2) La Loi sur les télécommunications
[33] Teksavvy soutient que l’article 36 de la Loi sur les télécommunications ordonne aux FAI de respecter la neutralité du Net et dispose que le CRTC doit approuver les exceptions à ce principe. Cet article est rédigé ainsi :
Neutralité quant au contenu
Content of messages
36 Il est interdit à l’entreprise canadienne, sauf avec l’approbation du Conseil, de régir le contenu ou d’influencer le sens ou l’objet des télécommunications qu’elle achemine pour le public.
36 Except where the Commission approves otherwise, a Canadian carrier shall not control the content or influence the meaning or purpose of telecommunications carried by it for the public.
[34] Teksavvy fait valoir que cette disposition interdit à la Cour fédérale d’ordonner à un FAI de bloquer un site Web. Les demandeurs ne mettent pas en doute le principe général de la neutralité du Net, mais ils soutiennent que l’article 36 de la Loi sur les télécommunications ne l’emporte pas sur la compétence de la Cour fédérale de rendre des ordonnances de blocage de sites.
[35] Les demandeurs font observer que le CRTC a reconnu que, bien qu’il puisse autoriser le blocage d’un site, il n’a pas le pouvoir d’exiger du FAI qu’il bloque un site Web : décision de télécom CRTC 2018-384 au para. 67. Teksavvy répond qu’à l’heure actuelle, le blocage de sites est assujetti à un processus en deux étapes où la Cour fédérale devrait d’abord rendre une ordonnance qui habiliterait le CRTC à ordonner le blocage d’un site Web. Bien que les demandeurs ne souscrivent pas à cette observation, il est intéressant de noter un passage dans le rapport du Comité permanent de l’industrie, des sciences et de la technologie de la Chambre des communes daté de juin 2019. À la page 104 de ce rapport, il semble être indiqué que trois des intimés dans le présent appel (ou leurs sociétés affiliées), BCE, Shaw et TELUS, ont convenu, dans les observations présentées à ce Comité, qu’un tel processus en deux étapes était en effet nécessaire et que la Loi sur les télécommunications devrait être modifiée afin de régler ce « dédoublement inutile de la procédure ».

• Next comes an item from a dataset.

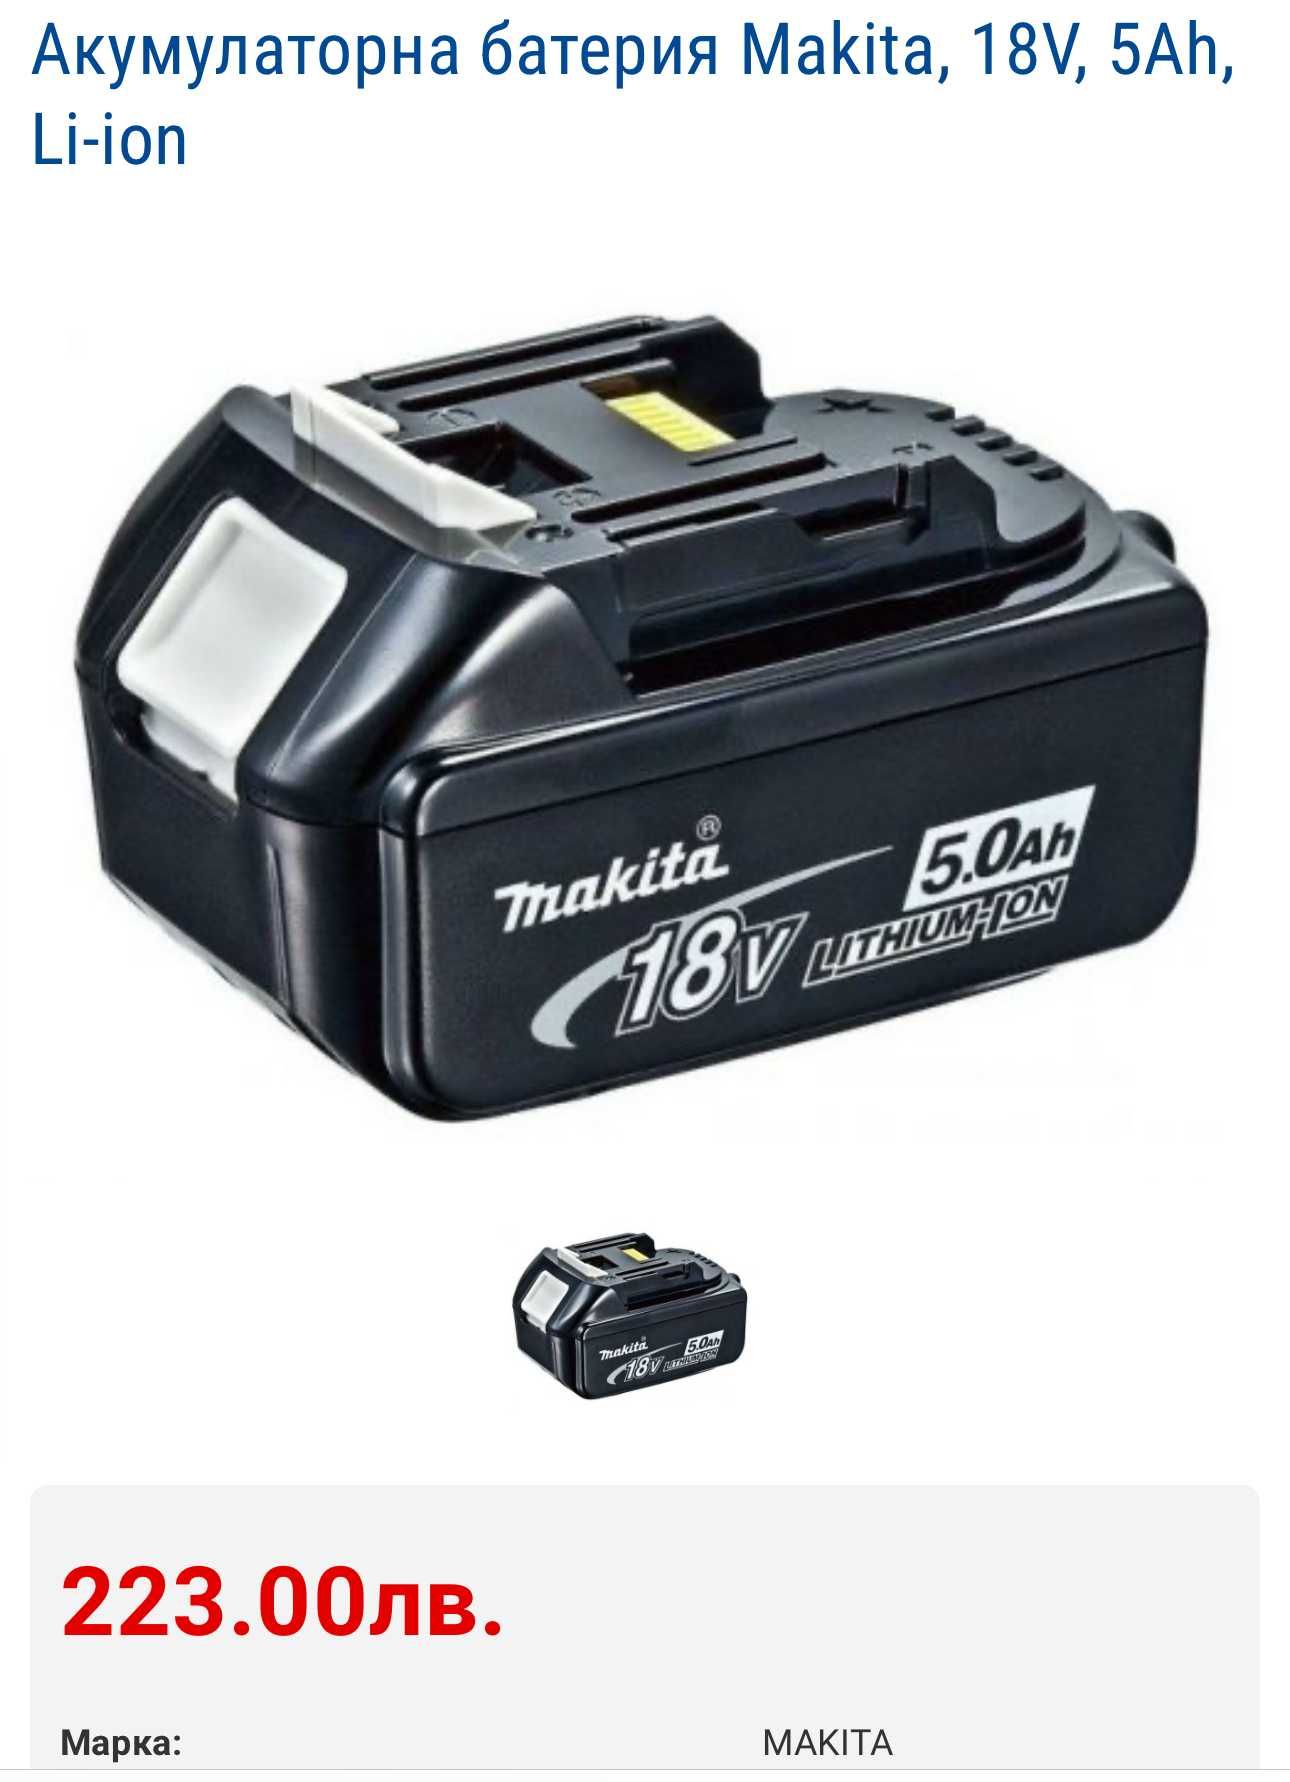 Makita BL1850B - Акумулаторни батерии 18V 5.0Ah с индикатор

[36] À mon avis, le libellé général de l’article 36 de la Loi sur les télécommunications ne l’emporte pas sur les pouvoirs en equity de la Cour fédérale lui permettant d’accorder des injonctions, y compris le pouvoir de rendre une ordonnance de blocage de sites. Il aurait fallu que le libellé de l’article 36 soit plus explicite pour avoir cet effet, surtout s’il devait créer la procédure encombrante en deux étapes décrite au paragraphe précédent. L’article 36 interdit à toute entreprise canadienne, dont les FAI, « de régir le contenu ou d’influencer le sens ou l’objet des télécommunications qu’elle achemine pour le public ». Je souscris à l’observation des demandeurs selon laquelle se conformer à une injonction prononcée par la Cour ne revient pas à régir ou à influencer les télécommunications. Au contraire, c’est le FAI qui est régi ou influencé par l’ordonnance.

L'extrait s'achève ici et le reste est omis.